▸ **WHAT IS EXPECTED**:
For the material below, set down exactly the lines between the one containing "Variety of unbranded" and the last line, both included, leaving every picture out.

▸ **PROVIDED MATERIAL**:
====

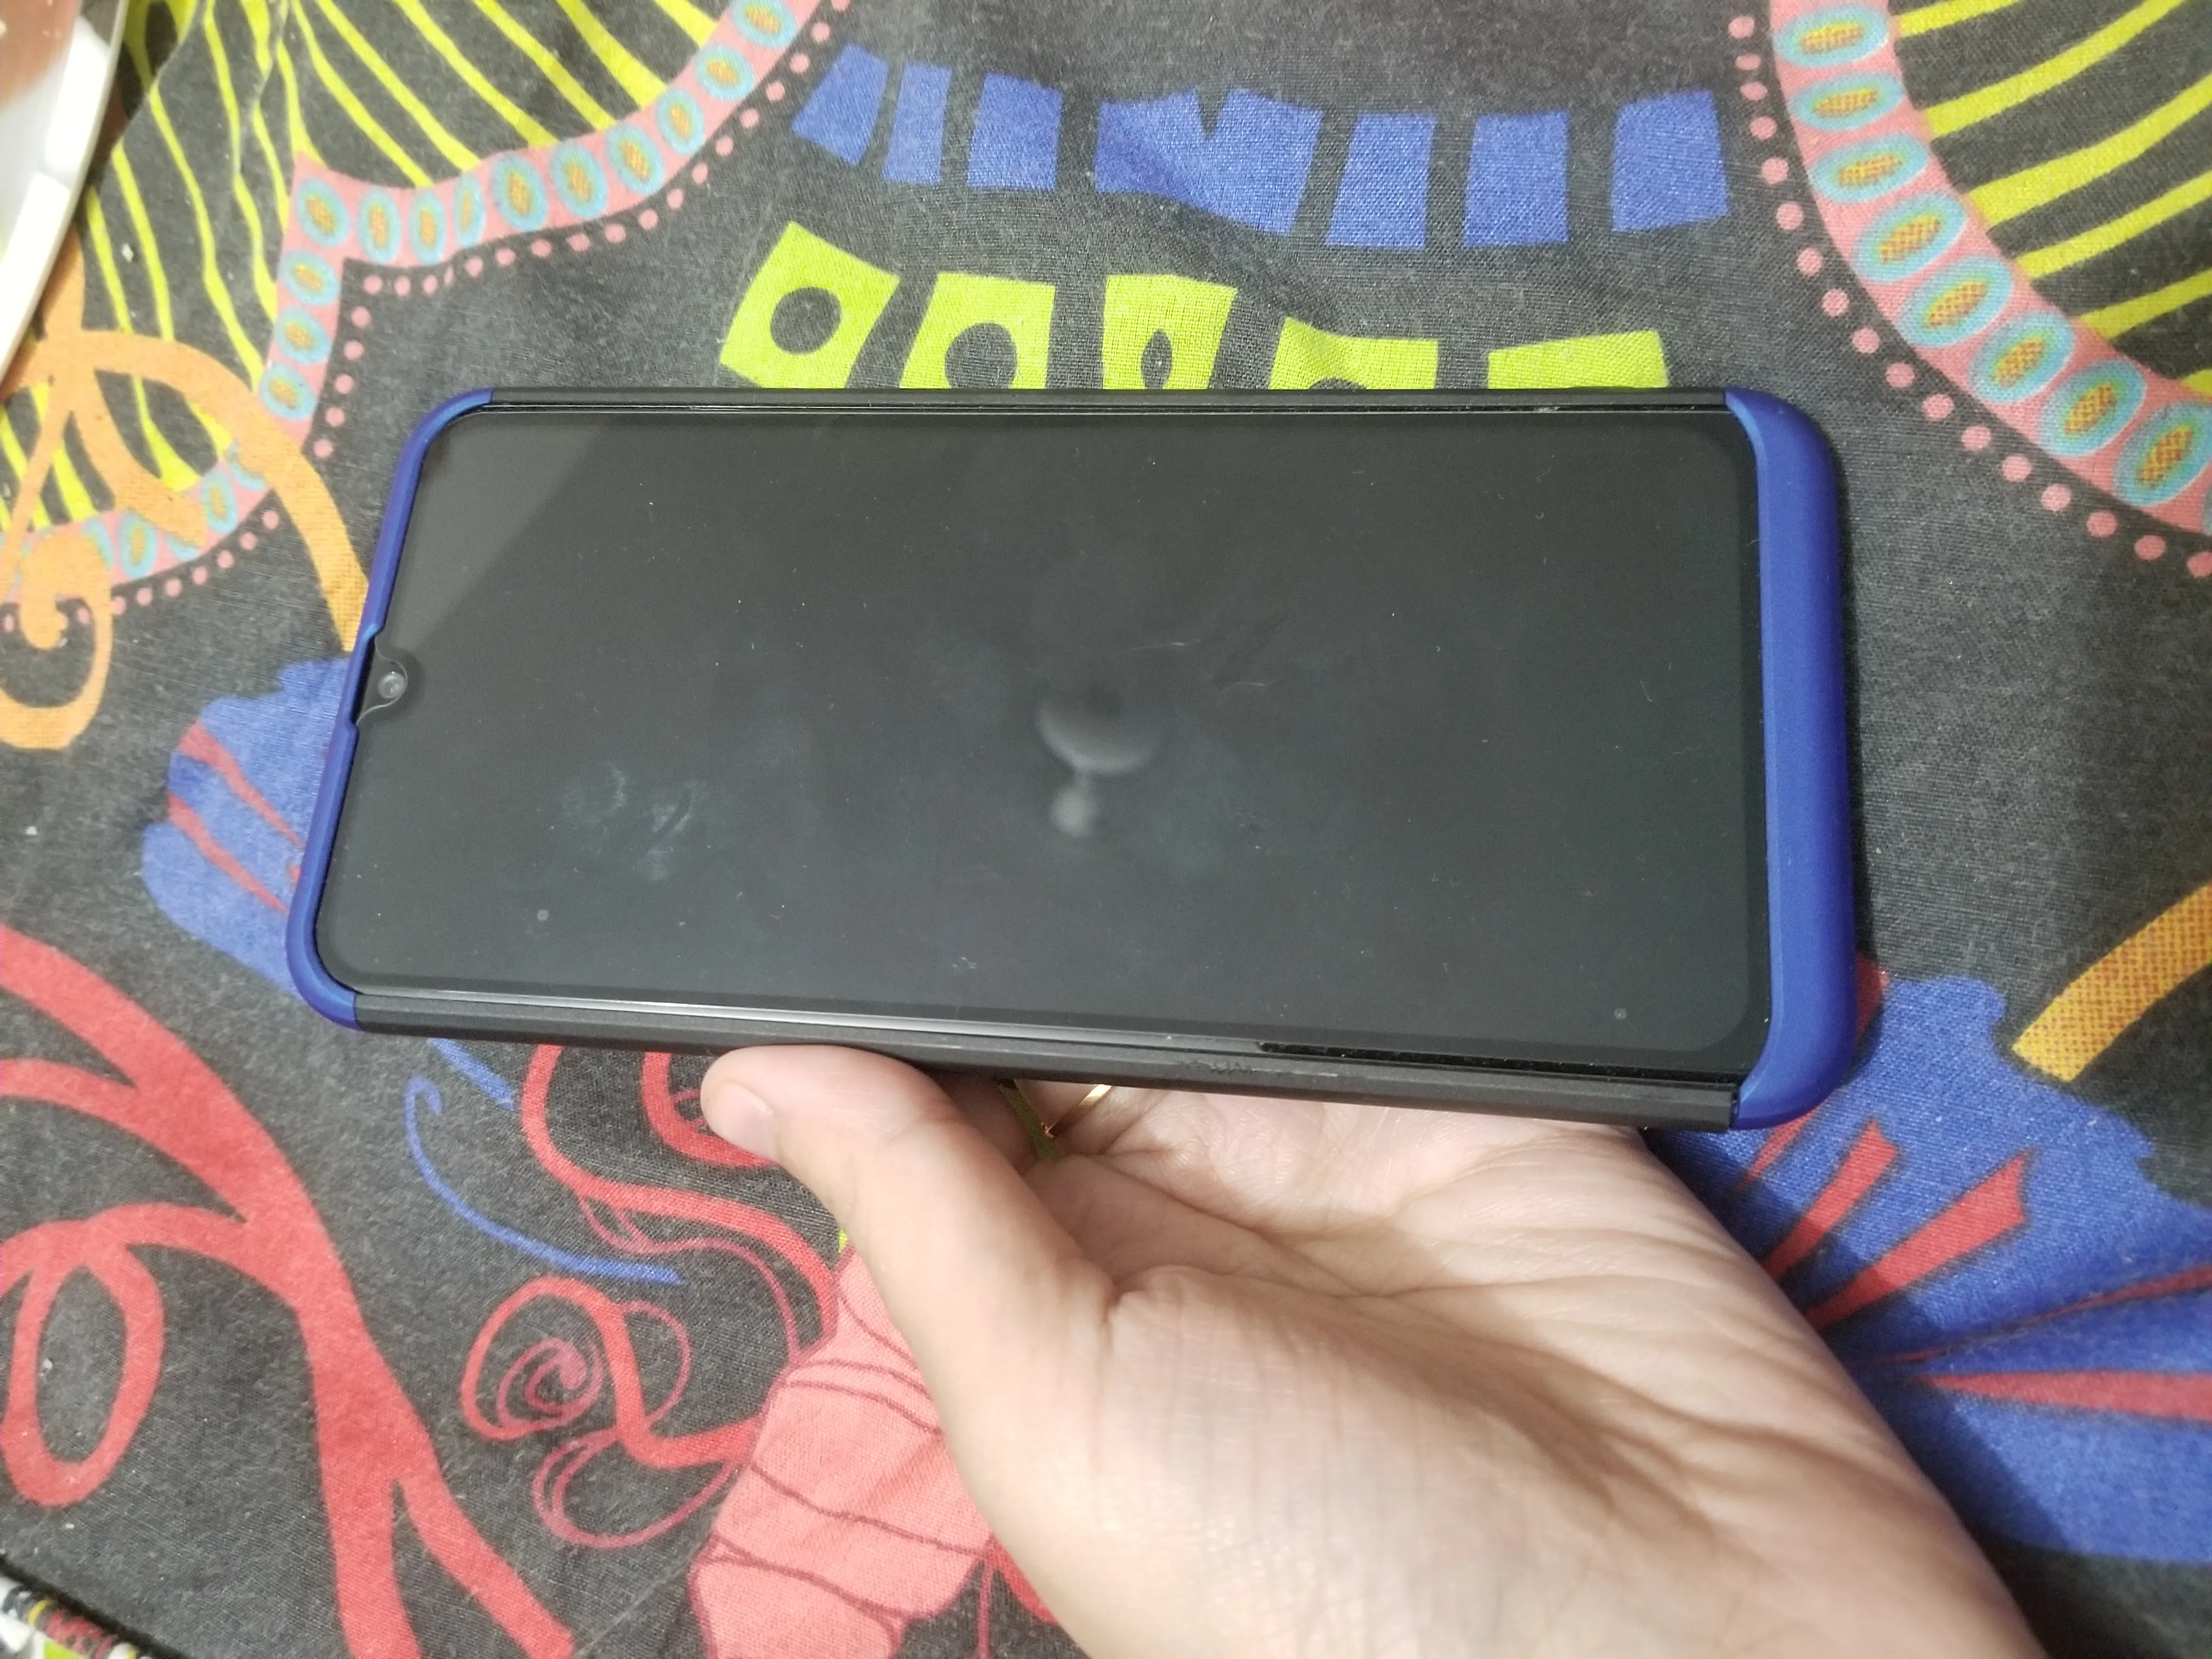 Samsung A30 in mint condition - photo 3
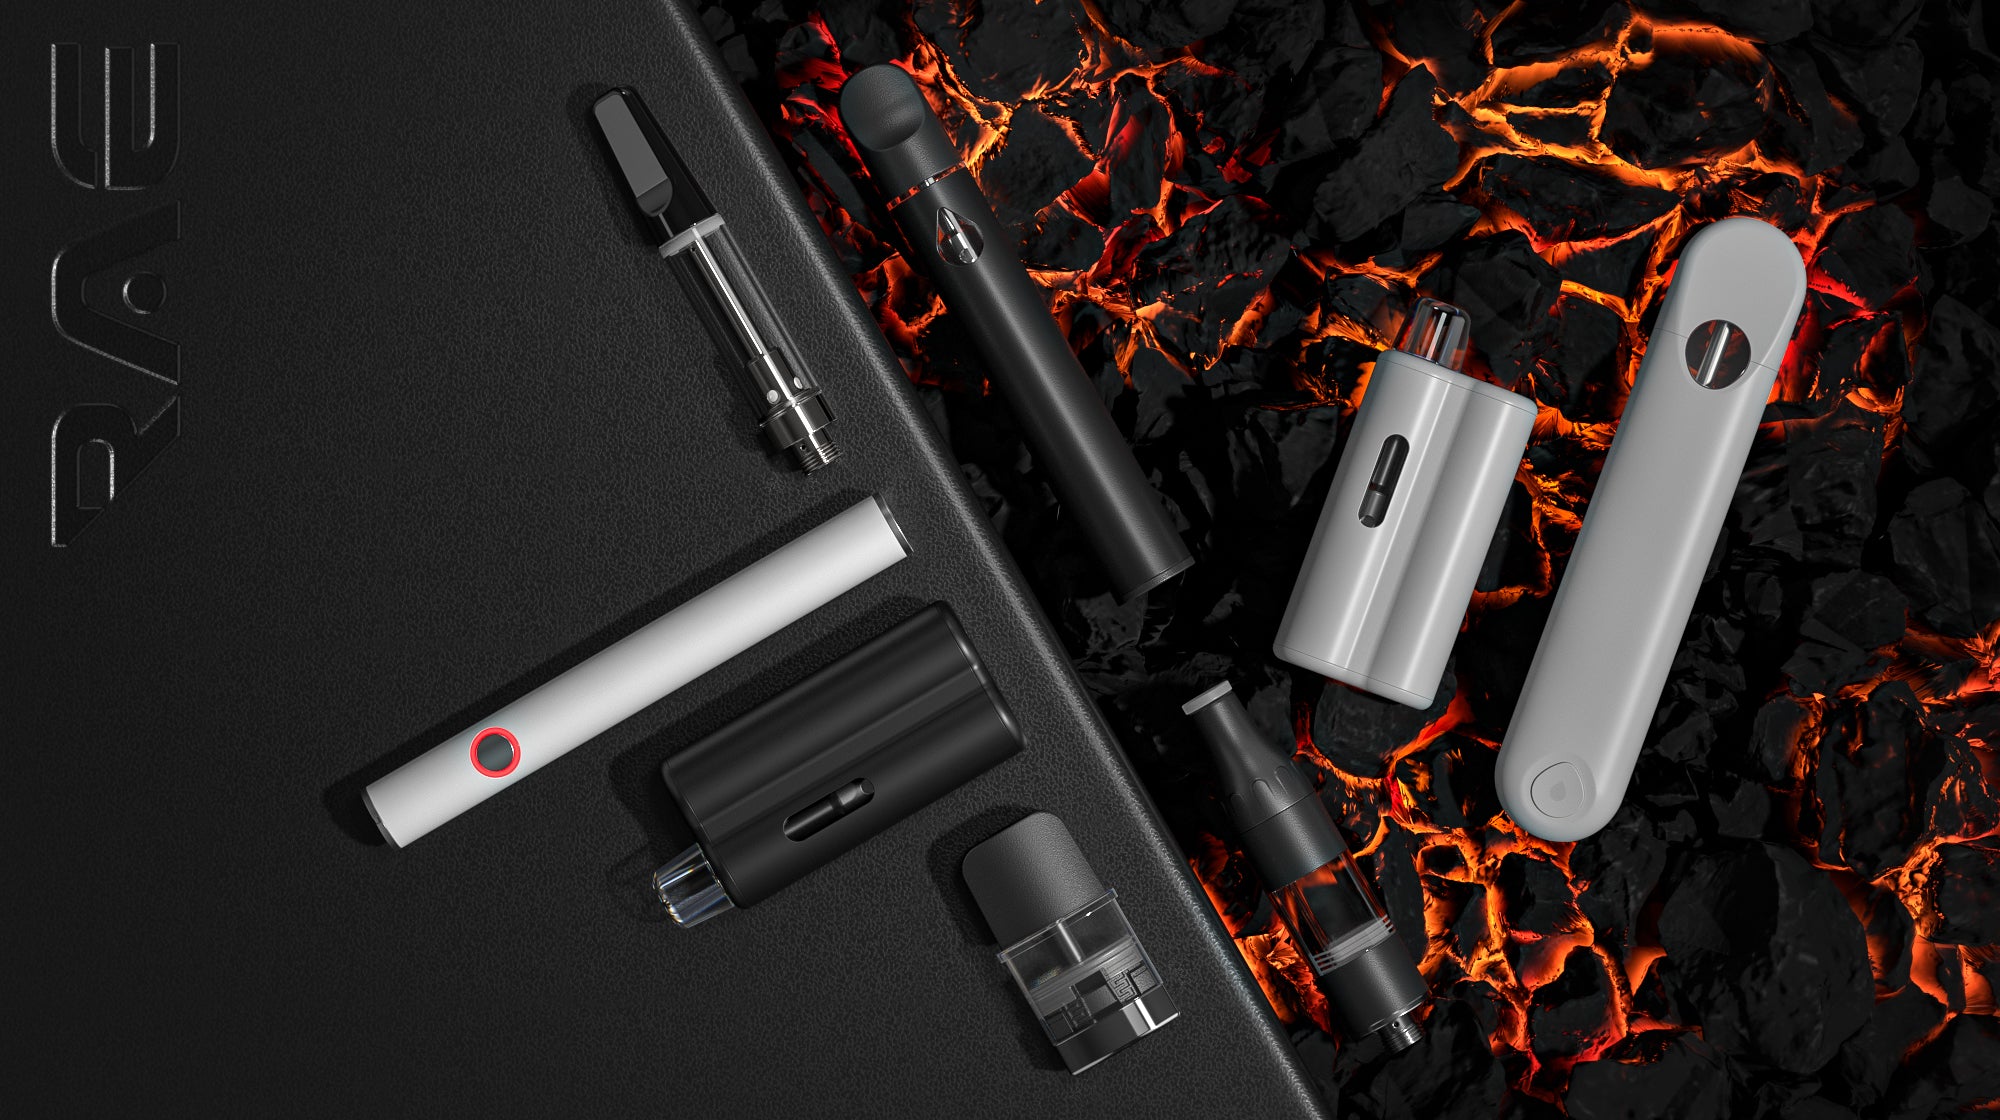 Variety of unbranded RAE brand vape hardware on black surface and hot coal
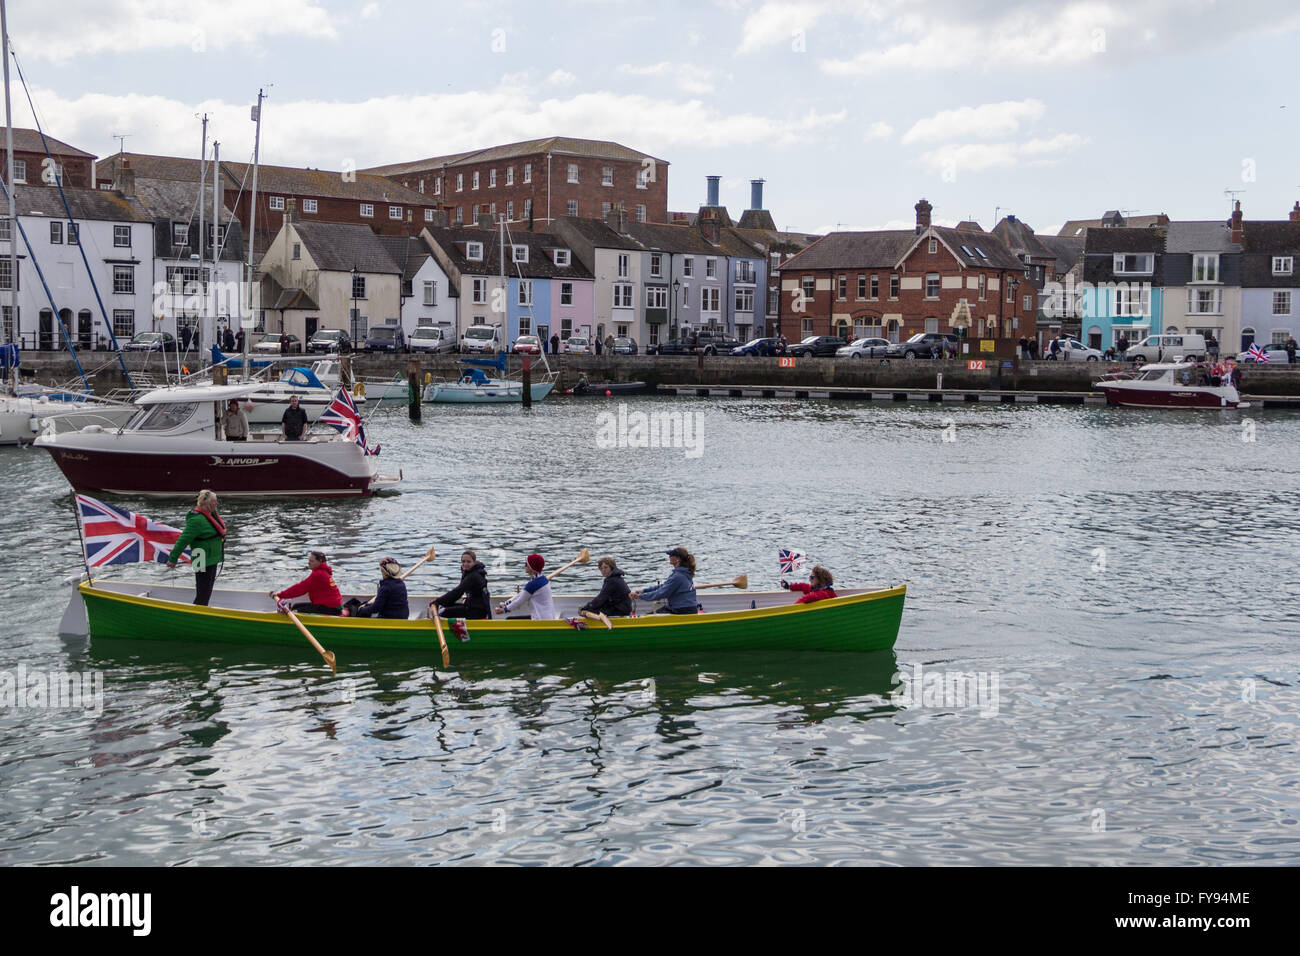 Weymouth, England. 23 April 2016. Queen's 90th Birthday Floating Tribute. Rowing boat with Union Flag. Credit:  Frances Underwood/Alamy Live News Stock Photo

====

▸ **EXPECTED OUTPUT**:
 Variety of unbranded RAE brand vape hardware on black surface and hot coal
 Weymouth, England. 23 April 2016. Queen's 90th Birthday Floating Tribute. Rowing boat with Union Flag. Credit:  Frances Underwood/Alamy Live News Stock Photo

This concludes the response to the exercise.